* **Exercise details**:
When you reach the line that contains "Рюкзак ручна поклажа", please begin copying, and carry on exactly to the last line of the material, leaving out every picture.
** Opening Provided data block **
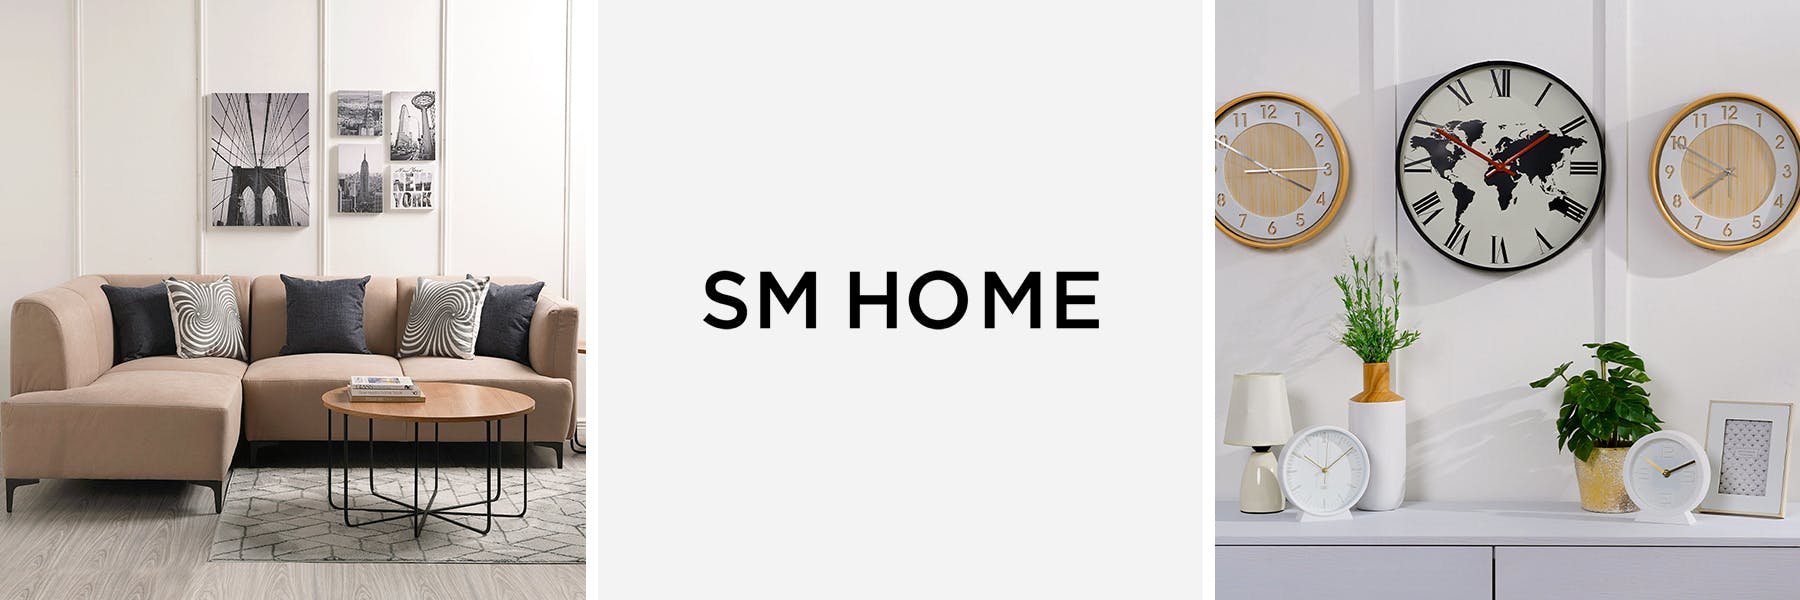 bannerlist-sm-home
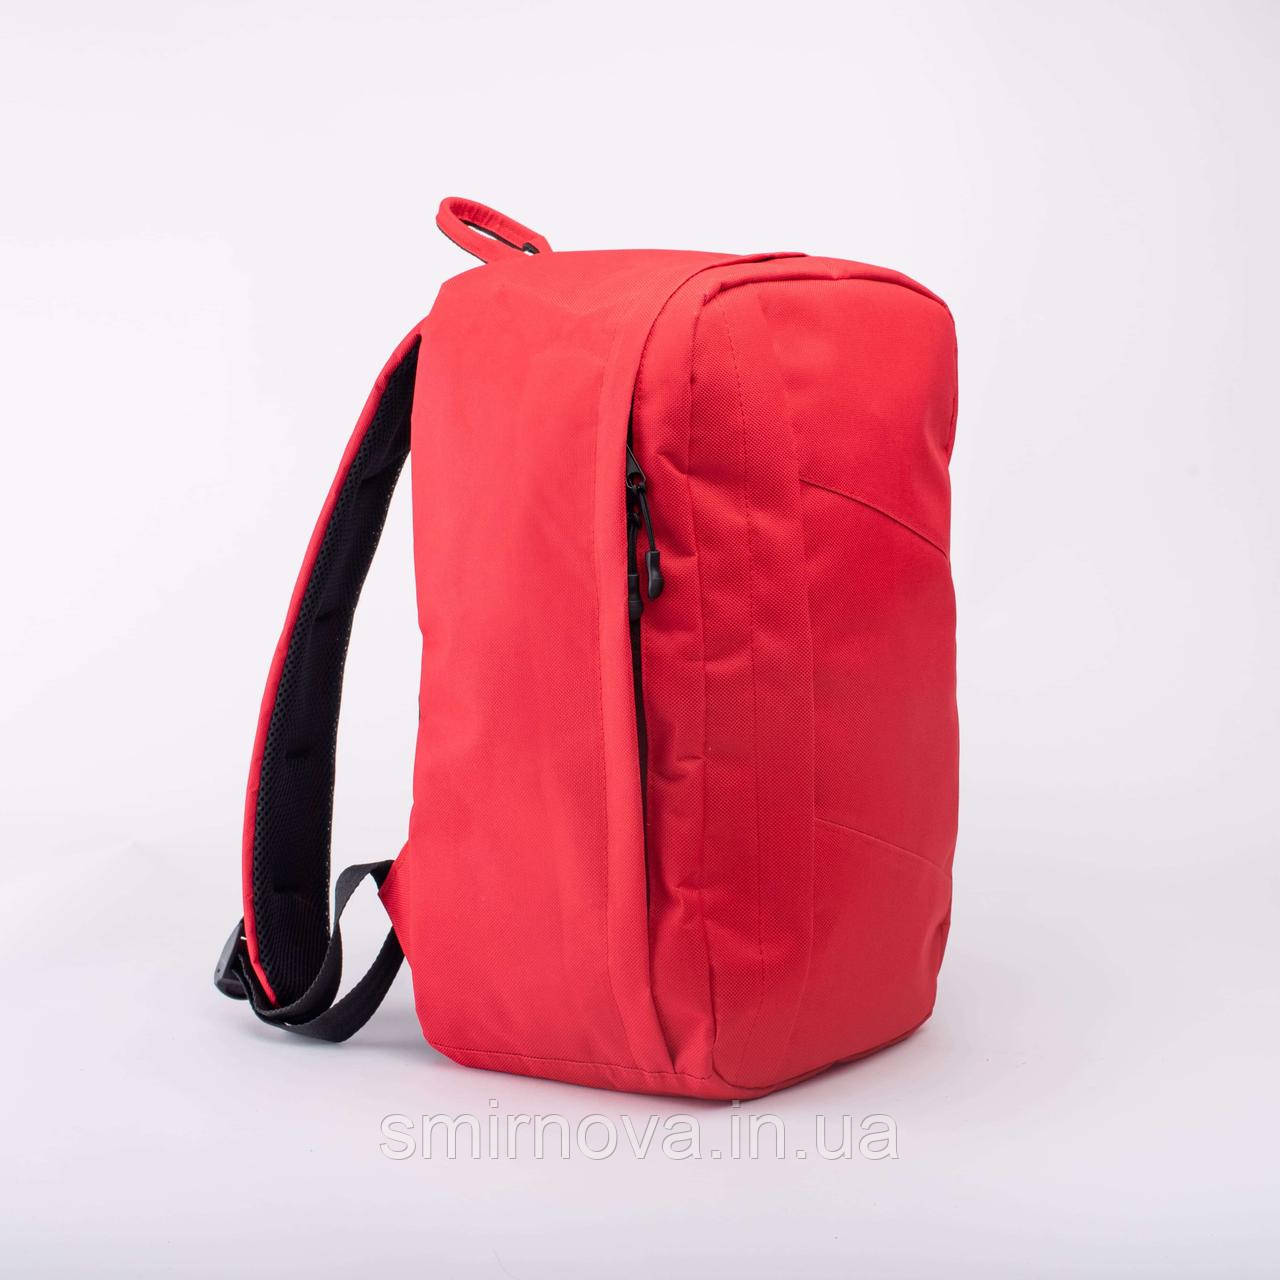 Рюкзак ручна поклажа червоний, 40 х 25 х 20, для ryanair, wizzair, lauda
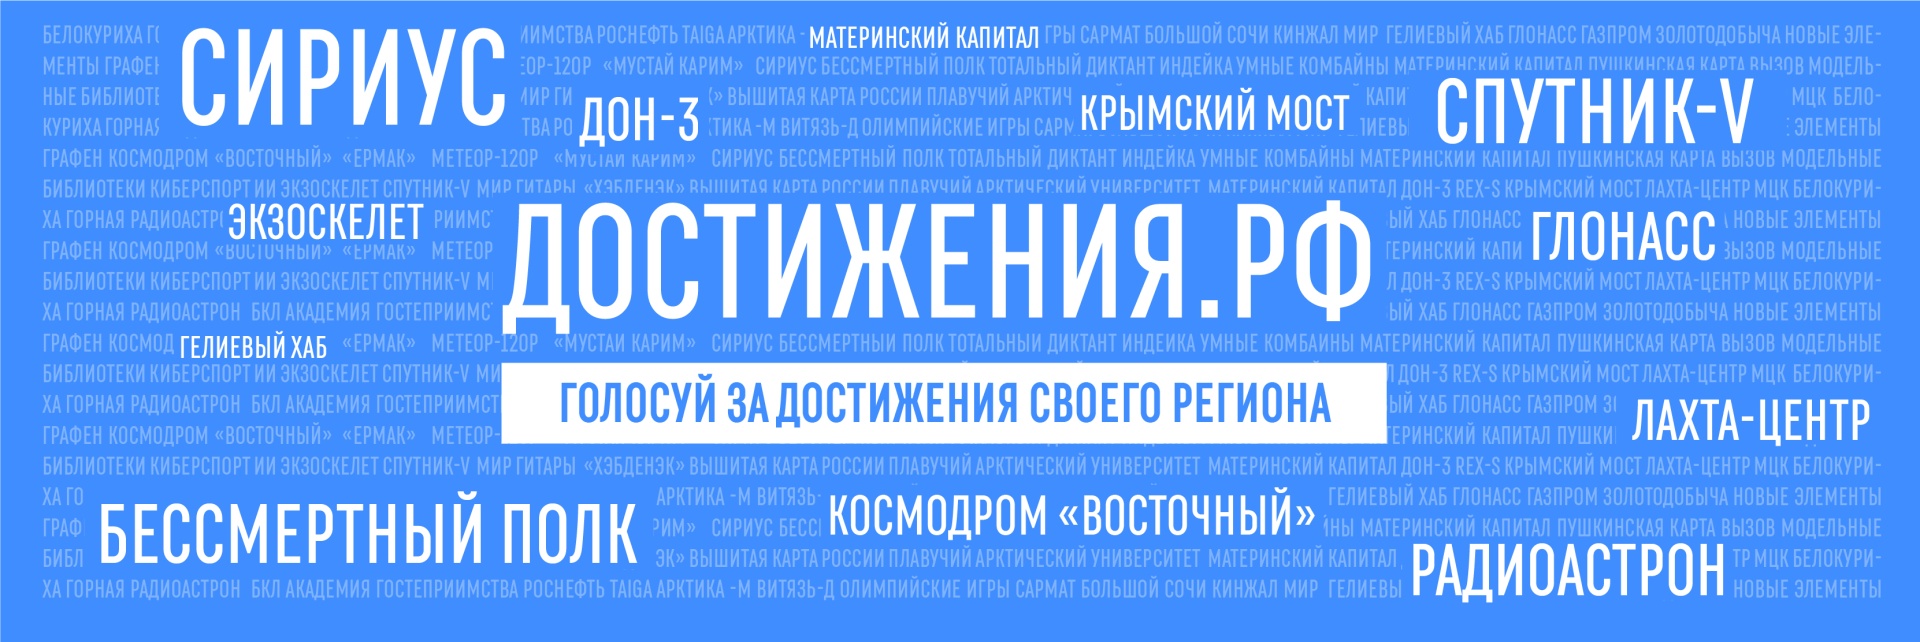 Петербург участвует в голосовании за значимые достижения региона
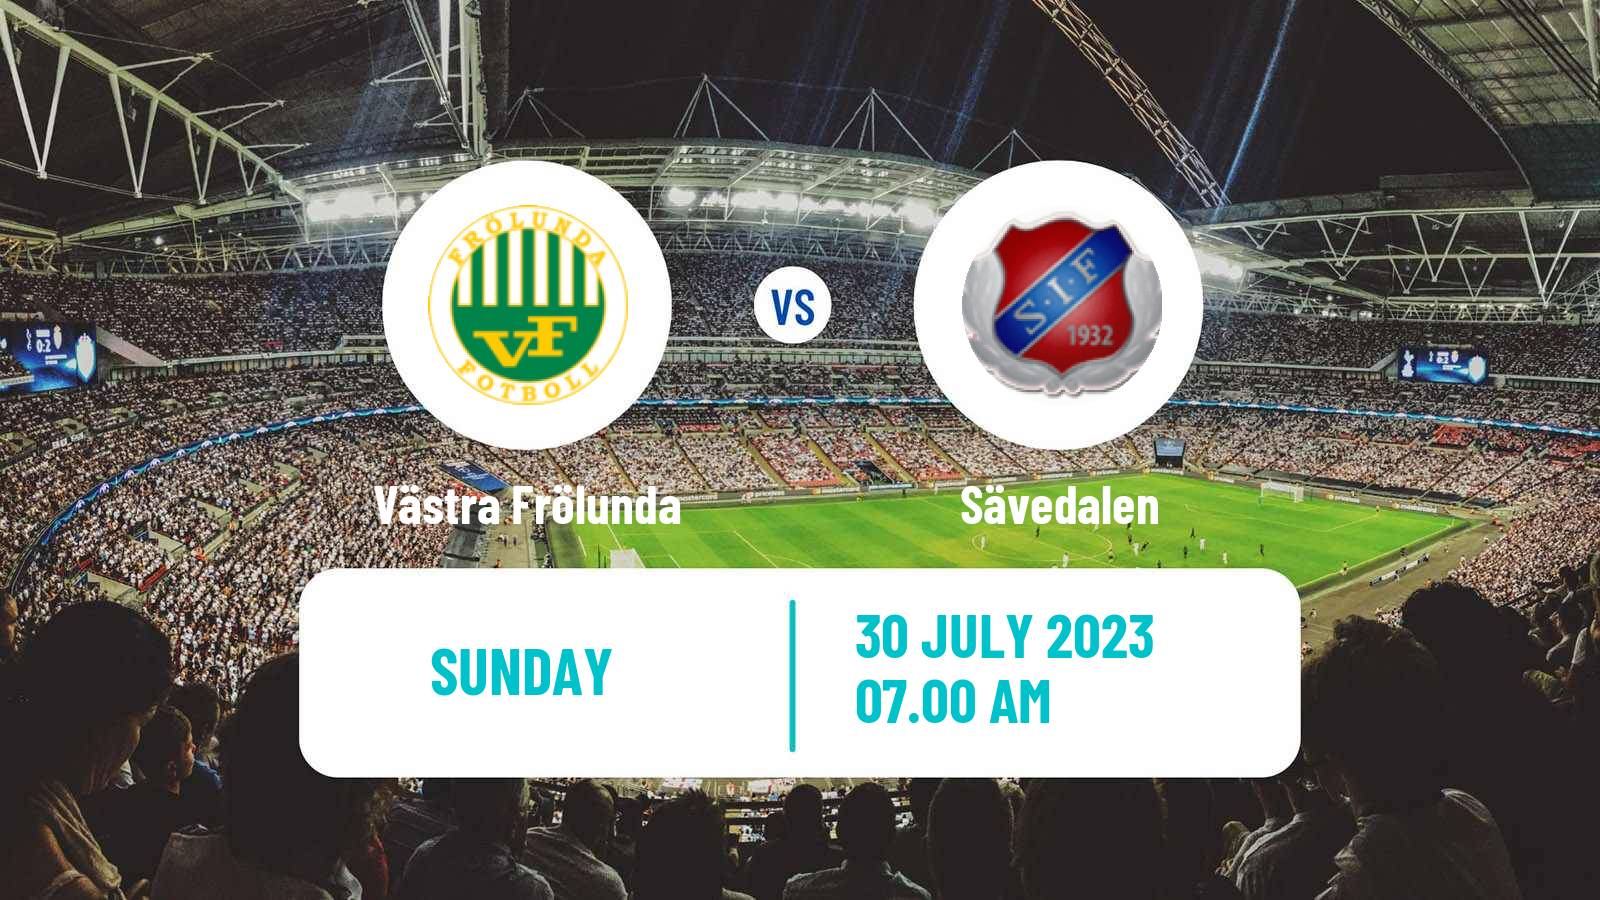 Soccer Swedish Division 2 - Västra Götaland Västra Frölunda - Sävedalen
** Closing Provided data block **
* **Worked solution**:
 Рюкзак ручна поклажа червоний, 40 х 25 х 20, для ryanair, wizzair, lauda
 Петербург участвует в голосовании за значимые достижения региона
 Soccer Swedish Division 2 - Västra Götaland Västra Frölunda - Sävedalen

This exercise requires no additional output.